For purposes of determining whether a Person is Solvent, the amount of any contingent liability shall be computed as the amount that, in light of all the facts and circumstances existing at such time, represents the amount that can reasonably be expected to become an actual or matured liability.
“Stated Termination Date” means September 26, 2006.
“Subordinated Debt” means all indebtedness, liabilities, and obligations owing by the Borrower pursuant to the Subordinated Debt Documents.

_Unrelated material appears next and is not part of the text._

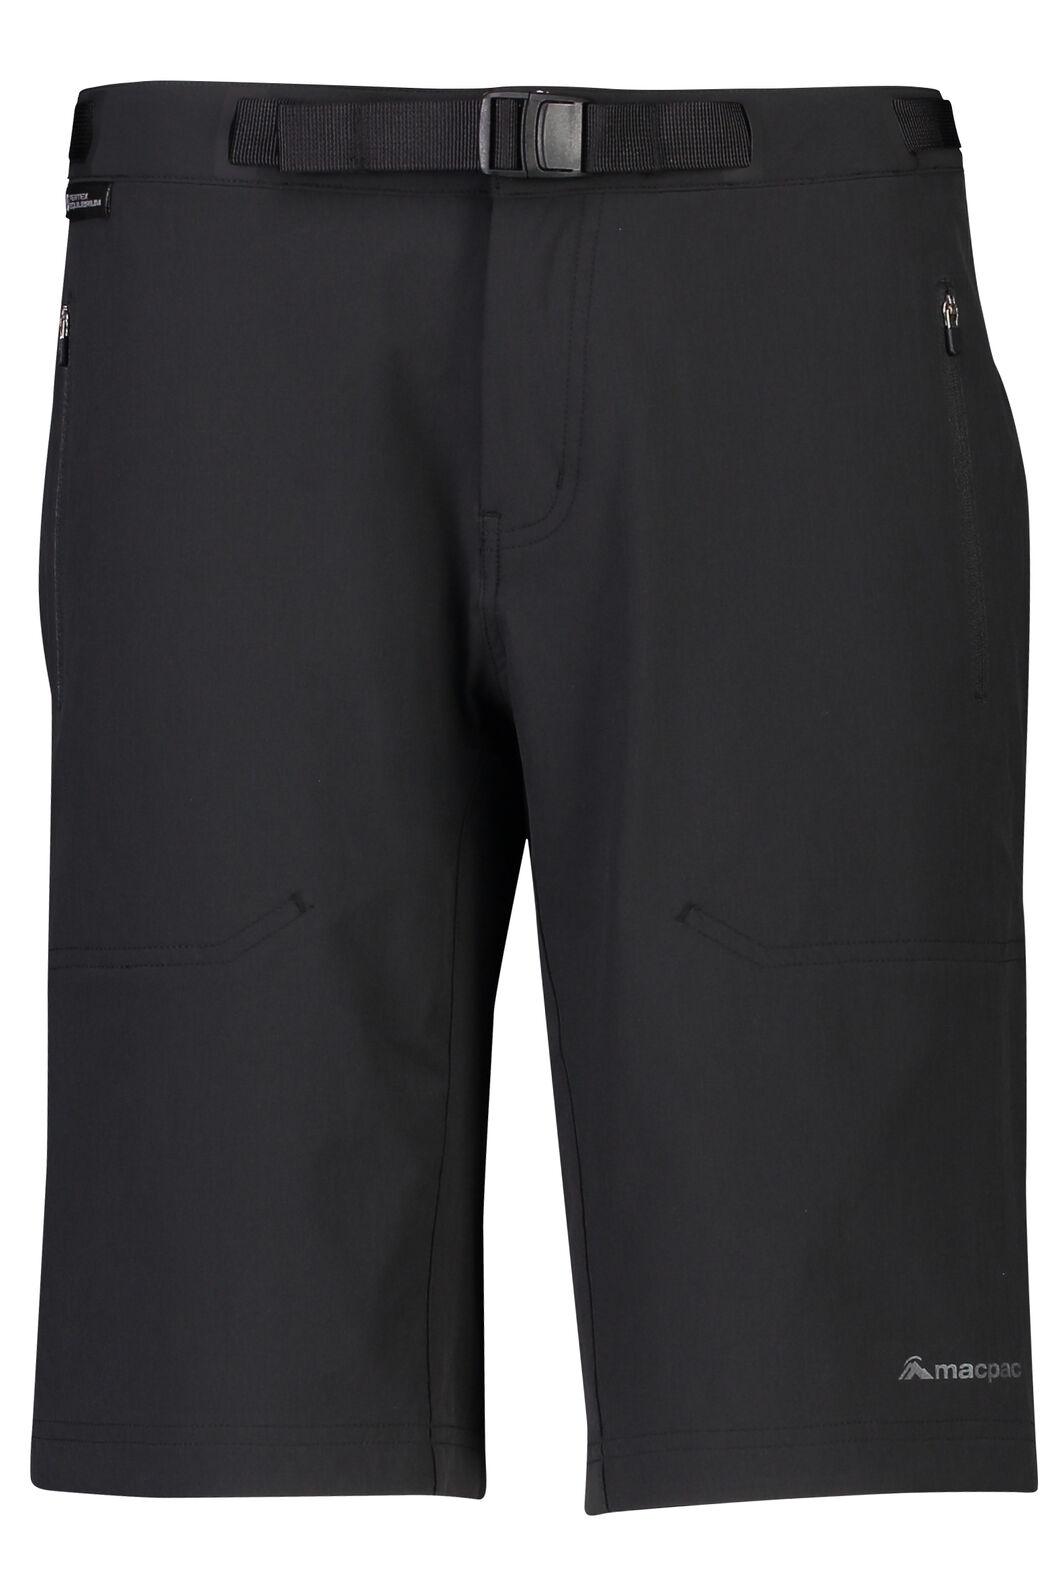 Macpac Trekker Pertex® Equilibrium Softshell Shorts - Women's, Black, hi-res

“Subordinated Debt Documents” means collectively, (a) the CapitalSource Subordinated Debt Agreement, the Subordinated Notes, the Intercreditor Agreement, and all other agreements, certificates, documents, and instruments executed or delivered by the parties thereto in connection with the CapitalSource Subordinated Debt Agreement and the Subordinated Notes and (b) all other agreements, certificates, documents, and instruments executed or delivered by a Borrower evidencing unsecured Debt of such Borrower which has maturities and terms, and which is subordinated to payment of the Obligations in a manner approved in writing by the Agent and the Majority Lenders, and in each such case described in clause (a) and clause (b) preceding, any renewals, modifications, or amendments thereof which are approved in writing by the Agent and the Majority Lenders.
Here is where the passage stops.